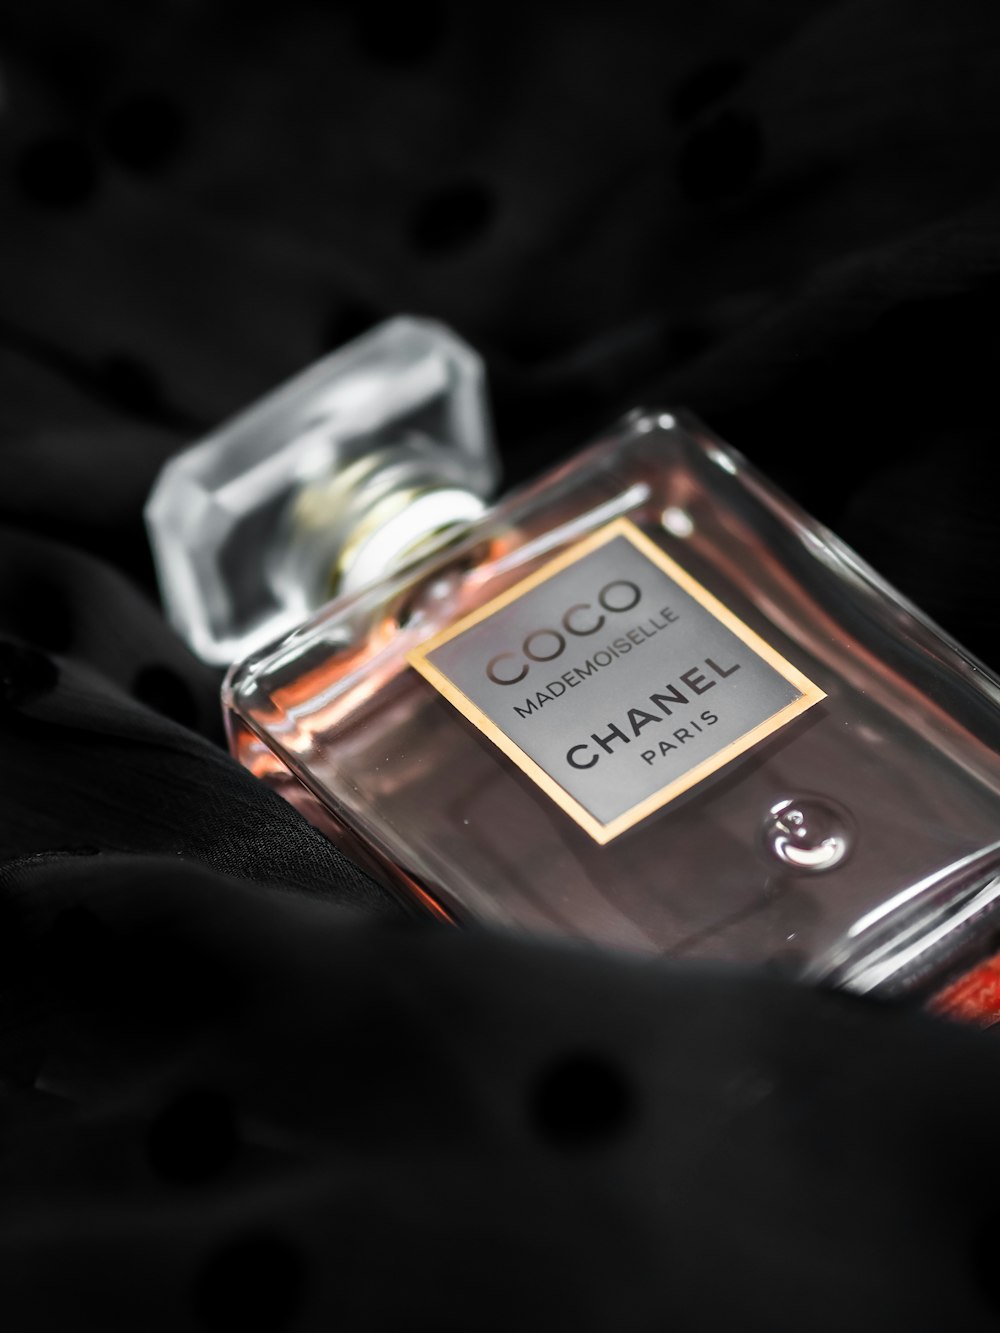 50 ml perfume bottle on black textile
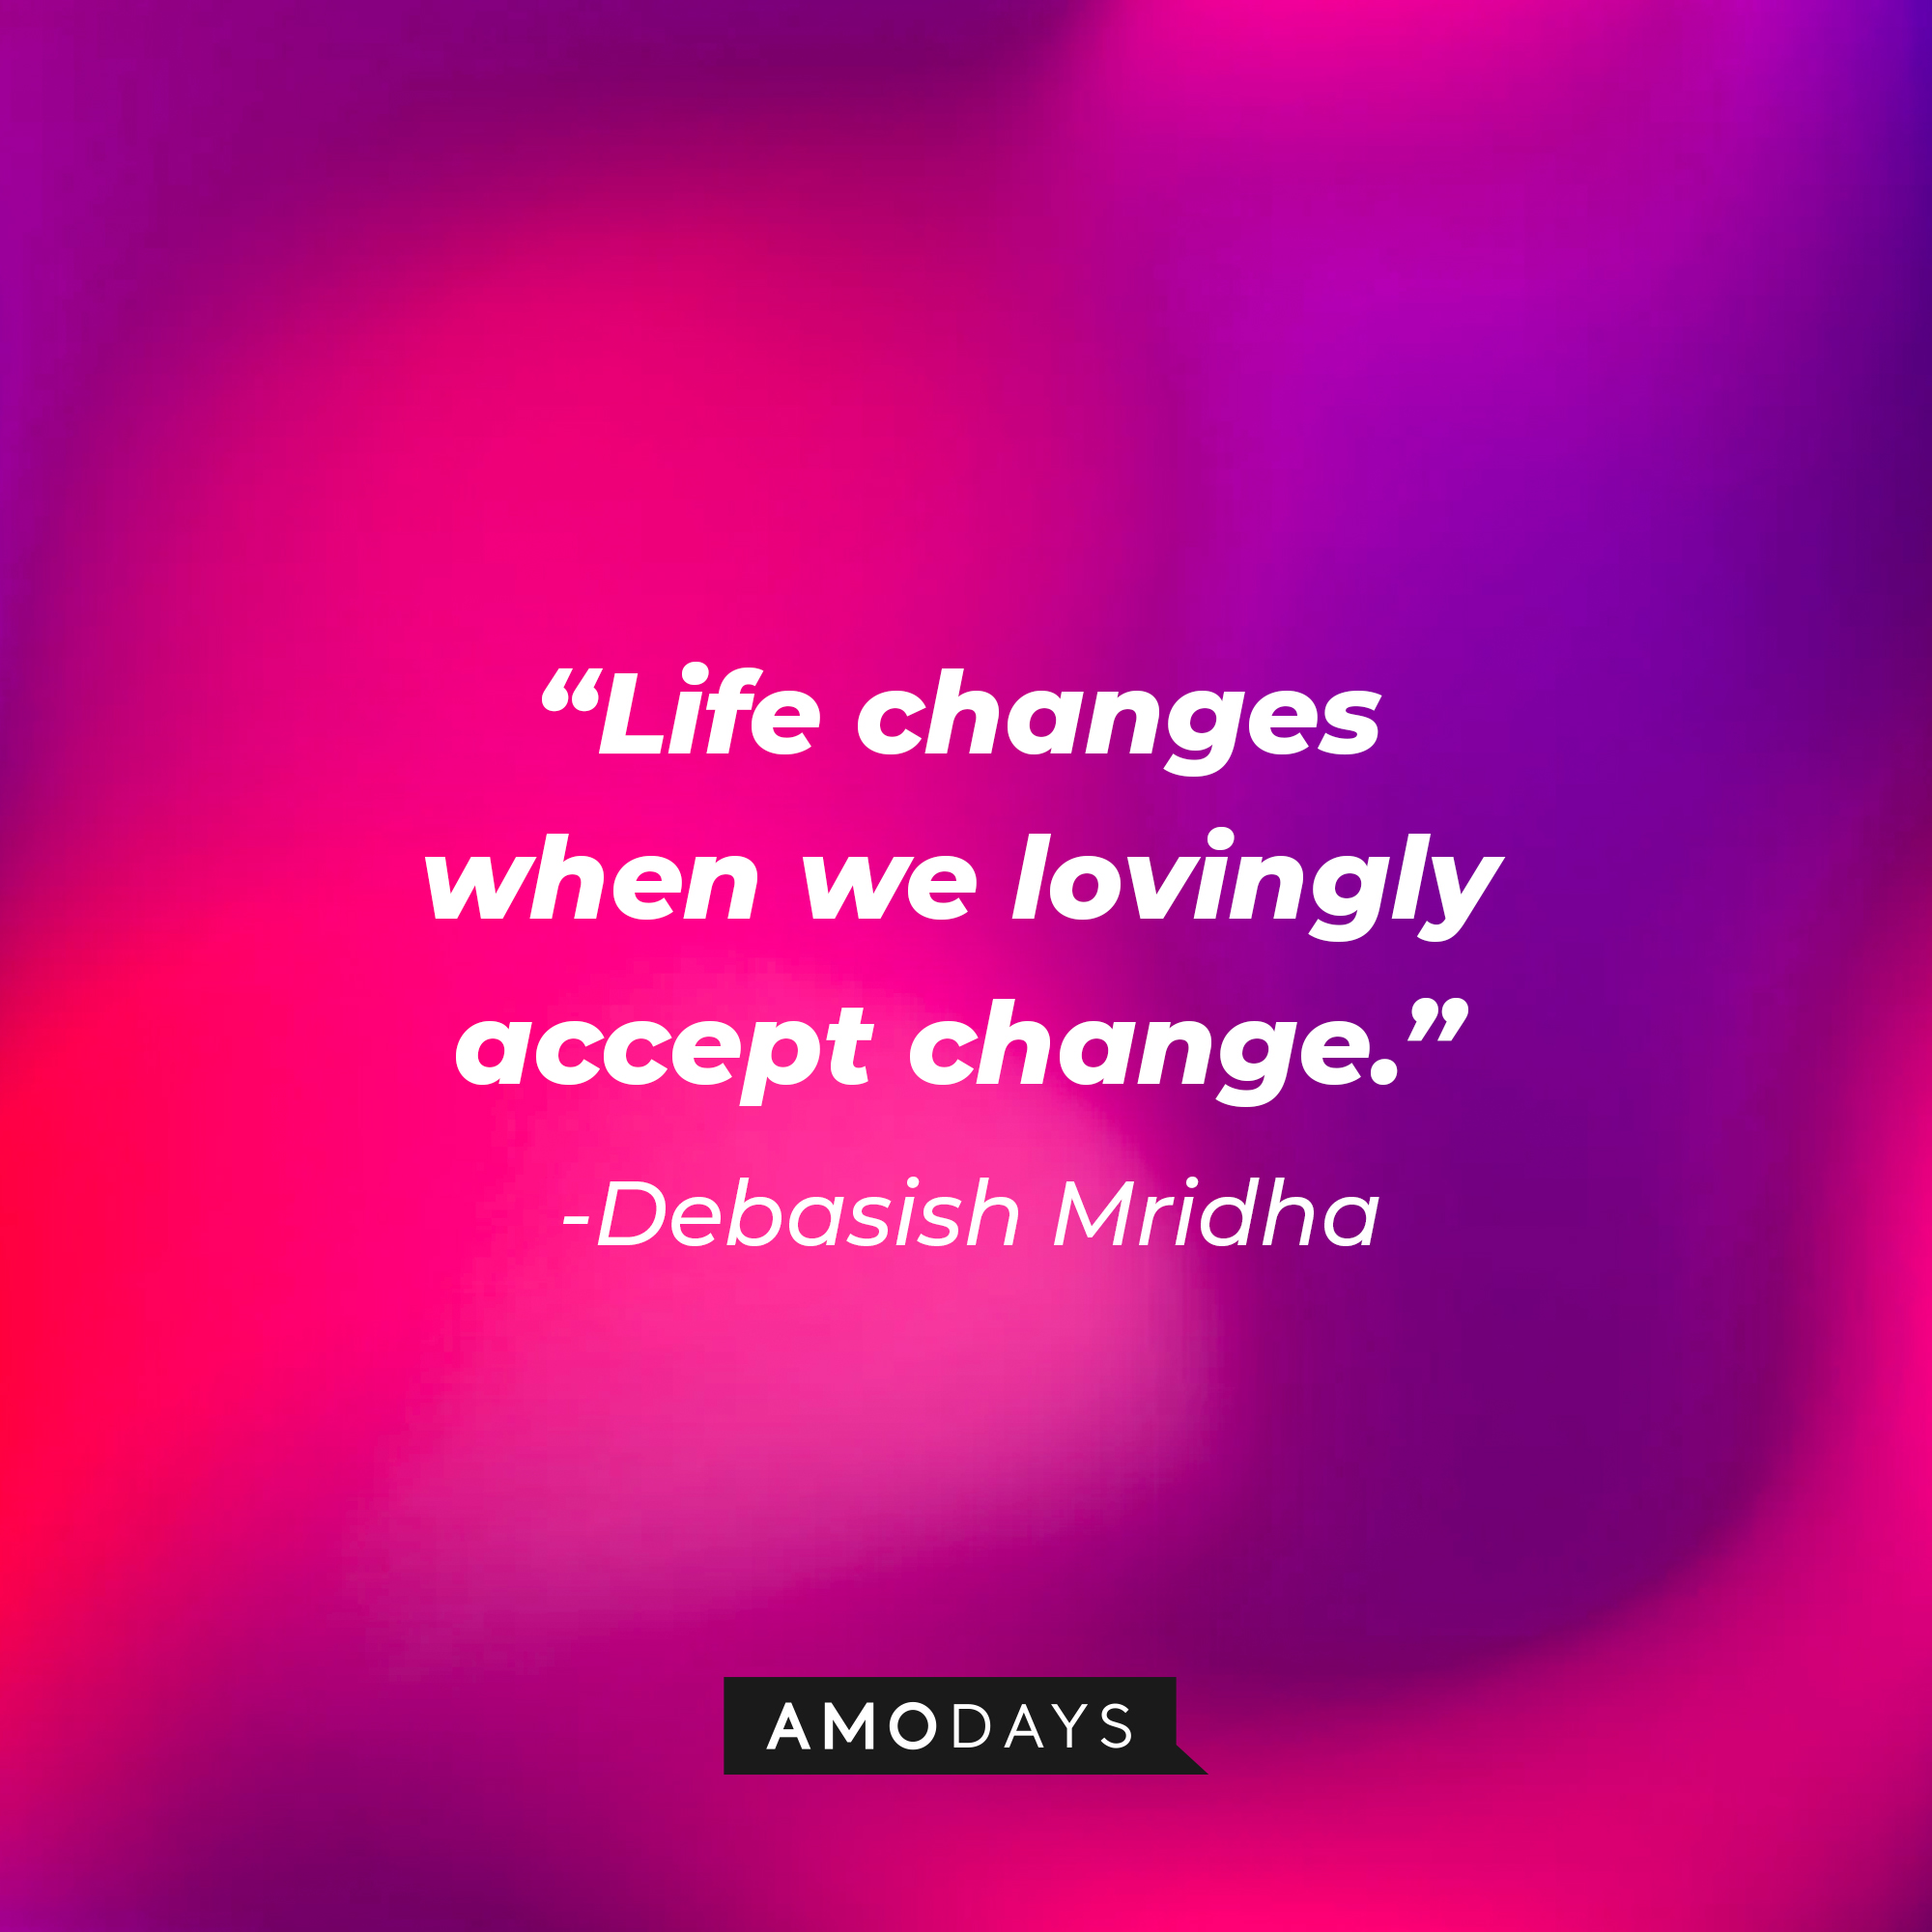 Debasish Mridha’s quote: "Life changes when we lovingly accept change."  | Image: Amodays
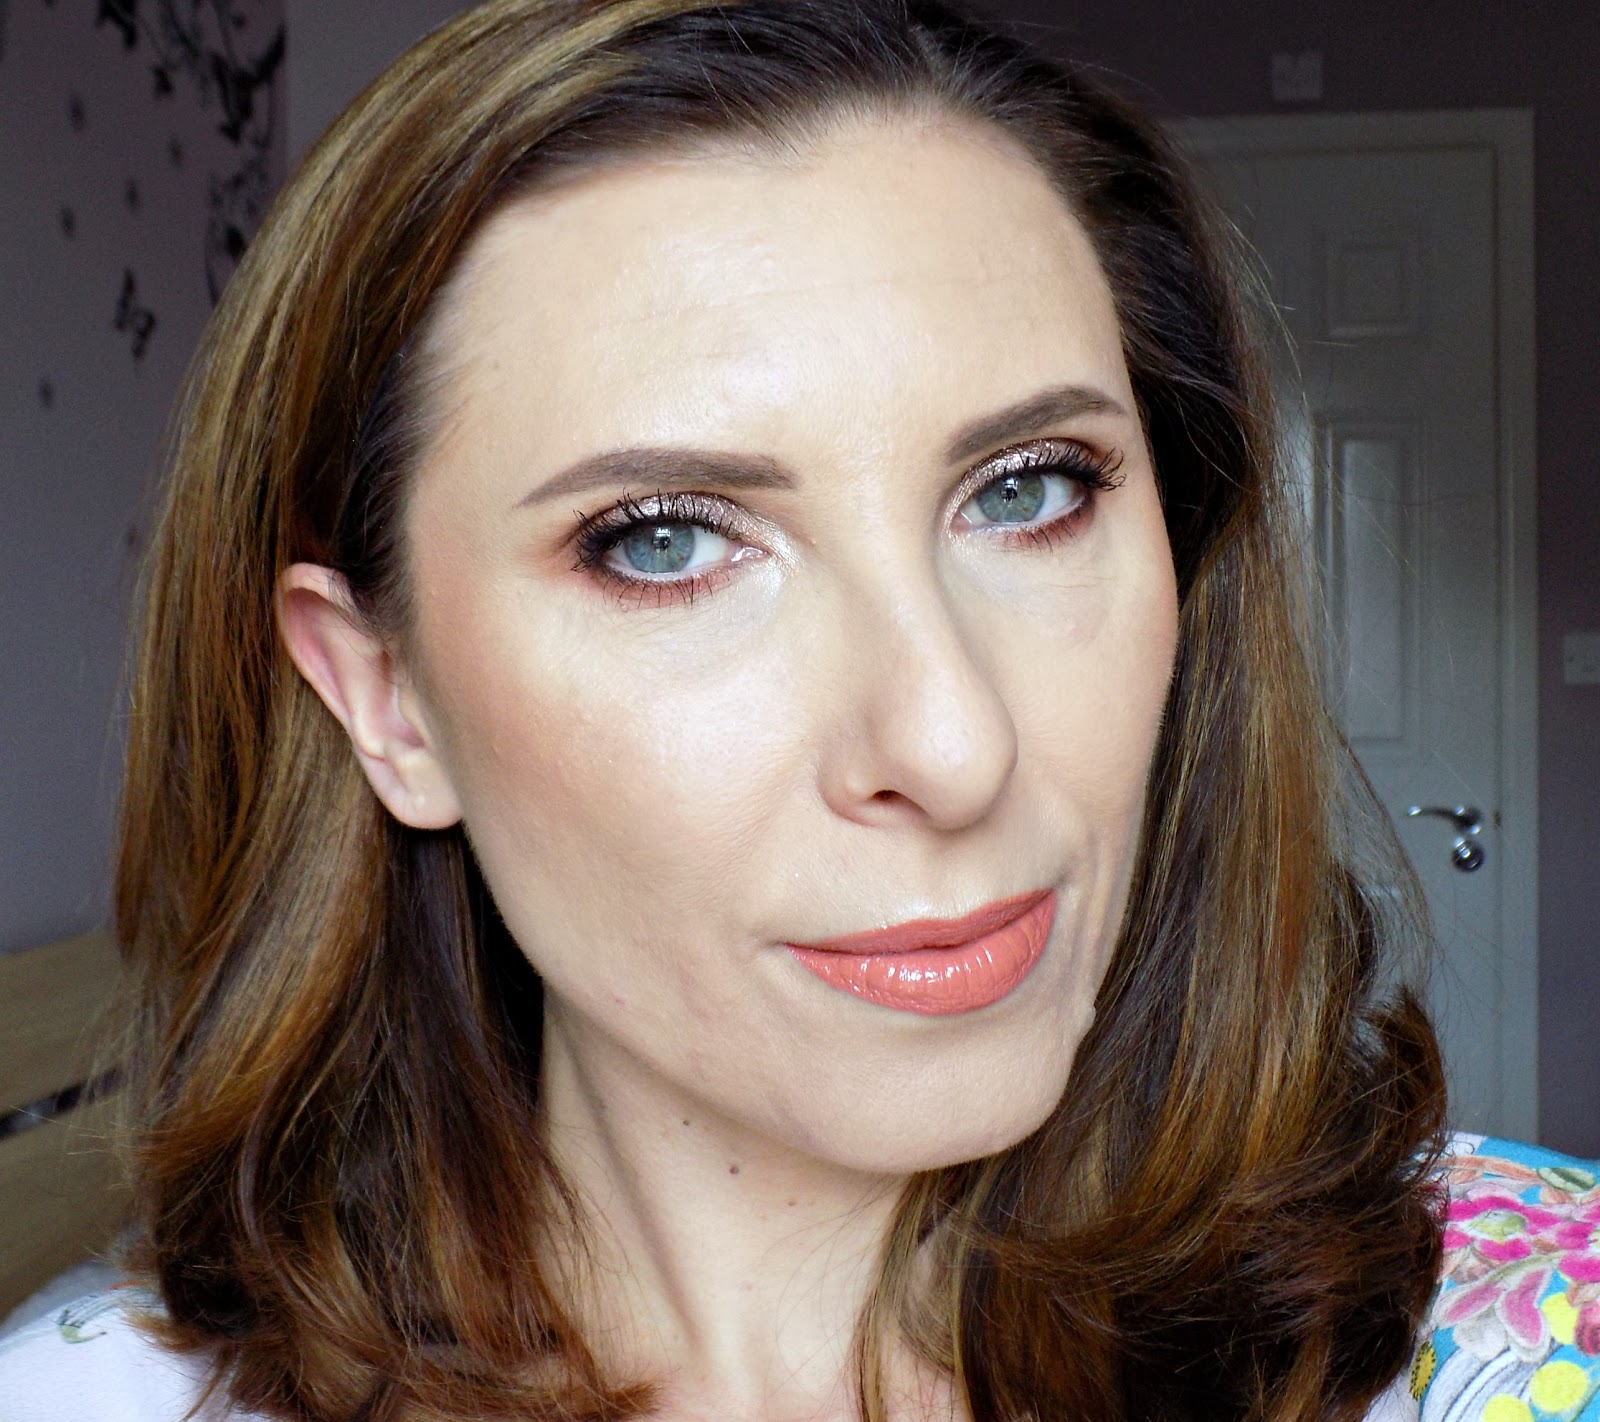 Makeup look using Pixi Liquid Fairy Lights and Pixi highlighters

------------------------------------

What is being asked:
Reproduce, exactly and without pictures, the lines above from the one containing "changes when we" through the last line of the material, both ends included, and nothing more.

Solution to this exercise:
 Debasish Mridha’s quote: "Life changes when we lovingly accept change."  | Image: Amodays
 Makeup look using Pixi Liquid Fairy Lights and Pixi highlighters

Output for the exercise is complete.